Dataset entries:
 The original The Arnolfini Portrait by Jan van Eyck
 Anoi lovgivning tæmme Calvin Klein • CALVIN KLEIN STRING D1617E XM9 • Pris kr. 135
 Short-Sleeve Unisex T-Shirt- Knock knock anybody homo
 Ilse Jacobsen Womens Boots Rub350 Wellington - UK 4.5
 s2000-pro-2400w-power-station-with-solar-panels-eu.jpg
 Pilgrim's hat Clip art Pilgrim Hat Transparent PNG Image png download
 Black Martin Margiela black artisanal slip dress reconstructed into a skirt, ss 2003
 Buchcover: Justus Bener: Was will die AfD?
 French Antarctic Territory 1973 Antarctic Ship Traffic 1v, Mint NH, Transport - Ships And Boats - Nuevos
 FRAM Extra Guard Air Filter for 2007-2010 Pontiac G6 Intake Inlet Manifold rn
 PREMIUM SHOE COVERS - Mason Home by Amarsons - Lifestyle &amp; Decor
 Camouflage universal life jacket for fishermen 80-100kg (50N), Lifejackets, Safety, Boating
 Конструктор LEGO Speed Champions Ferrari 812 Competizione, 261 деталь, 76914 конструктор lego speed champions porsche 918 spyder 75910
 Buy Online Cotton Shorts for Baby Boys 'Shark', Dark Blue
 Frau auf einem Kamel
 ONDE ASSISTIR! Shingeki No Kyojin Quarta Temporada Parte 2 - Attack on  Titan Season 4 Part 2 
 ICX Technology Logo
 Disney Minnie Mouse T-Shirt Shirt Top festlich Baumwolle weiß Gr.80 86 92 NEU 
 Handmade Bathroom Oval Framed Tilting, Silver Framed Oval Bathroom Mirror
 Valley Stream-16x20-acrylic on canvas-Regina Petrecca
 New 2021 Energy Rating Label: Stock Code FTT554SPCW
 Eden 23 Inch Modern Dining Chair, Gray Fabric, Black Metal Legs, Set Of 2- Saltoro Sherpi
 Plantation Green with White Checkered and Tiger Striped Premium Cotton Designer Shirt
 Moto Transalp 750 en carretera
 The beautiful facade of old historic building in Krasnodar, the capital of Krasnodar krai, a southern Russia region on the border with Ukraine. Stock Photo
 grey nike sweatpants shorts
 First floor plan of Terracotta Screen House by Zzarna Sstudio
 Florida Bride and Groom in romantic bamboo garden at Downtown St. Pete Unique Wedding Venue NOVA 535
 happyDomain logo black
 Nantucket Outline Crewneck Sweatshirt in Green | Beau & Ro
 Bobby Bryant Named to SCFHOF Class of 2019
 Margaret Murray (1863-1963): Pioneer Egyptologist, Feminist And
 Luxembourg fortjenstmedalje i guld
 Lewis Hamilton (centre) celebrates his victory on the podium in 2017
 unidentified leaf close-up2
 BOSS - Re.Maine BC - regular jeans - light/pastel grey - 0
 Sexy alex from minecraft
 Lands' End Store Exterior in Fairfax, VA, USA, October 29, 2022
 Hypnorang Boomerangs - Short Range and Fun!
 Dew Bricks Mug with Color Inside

PROBLEM DETAILS: Set down the records again, exactly.

ANSWER AREA:
 The original The Arnolfini Portrait by Jan van Eyck
 Anoi lovgivning tæmme Calvin Klein • CALVIN KLEIN STRING D1617E XM9 • Pris kr. 135
 Short-Sleeve Unisex T-Shirt- Knock knock anybody homo
 Ilse Jacobsen Womens Boots Rub350 Wellington - UK 4.5
 s2000-pro-2400w-power-station-with-solar-panels-eu.jpg
 Pilgrim's hat Clip art Pilgrim Hat Transparent PNG Image png download
 Black Martin Margiela black artisanal slip dress reconstructed into a skirt, ss 2003
 Buchcover: Justus Bener: Was will die AfD?
 French Antarctic Territory 1973 Antarctic Ship Traffic 1v, Mint NH, Transport - Ships And Boats - Nuevos
 FRAM Extra Guard Air Filter for 2007-2010 Pontiac G6 Intake Inlet Manifold rn
 PREMIUM SHOE COVERS - Mason Home by Amarsons - Lifestyle &amp; Decor
 Camouflage universal life jacket for fishermen 80-100kg (50N), Lifejackets, Safety, Boating
 Конструктор LEGO Speed Champions Ferrari 812 Competizione, 261 деталь, 76914 конструктор lego speed champions porsche 918 spyder 75910
 Buy Online Cotton Shorts for Baby Boys 'Shark', Dark Blue
 Frau auf einem Kamel
 ONDE ASSISTIR! Shingeki No Kyojin Quarta Temporada Parte 2 - Attack on  Titan Season 4 Part 2 
 ICX Technology Logo
 Disney Minnie Mouse T-Shirt Shirt Top festlich Baumwolle weiß Gr.80 86 92 NEU 
 Handmade Bathroom Oval Framed Tilting, Silver Framed Oval Bathroom Mirror
 Valley Stream-16x20-acrylic on canvas-Regina Petrecca
 New 2021 Energy Rating Label: Stock Code FTT554SPCW
 Eden 23 Inch Modern Dining Chair, Gray Fabric, Black Metal Legs, Set Of 2- Saltoro Sherpi
 Plantation Green with White Checkered and Tiger Striped Premium Cotton Designer Shirt
 Moto Transalp 750 en carretera
 The beautiful facade of old historic building in Krasnodar, the capital of Krasnodar krai, a southern Russia region on the border with Ukraine. Stock Photo
 grey nike sweatpants shorts
 First floor plan of Terracotta Screen House by Zzarna Sstudio
 Florida Bride and Groom in romantic bamboo garden at Downtown St. Pete Unique Wedding Venue NOVA 535
 happyDomain logo black
 Nantucket Outline Crewneck Sweatshirt in Green | Beau & Ro
 Bobby Bryant Named to SCFHOF Class of 2019
 Margaret Murray (1863-1963): Pioneer Egyptologist, Feminist And
 Luxembourg fortjenstmedalje i guld
 Lewis Hamilton (centre) celebrates his victory on the podium in 2017
 unidentified leaf close-up2
 BOSS - Re.Maine BC - regular jeans - light/pastel grey - 0
 Sexy alex from minecraft
 Lands' End Store Exterior in Fairfax, VA, USA, October 29, 2022
 Hypnorang Boomerangs - Short Range and Fun!
 Dew Bricks Mug with Color Inside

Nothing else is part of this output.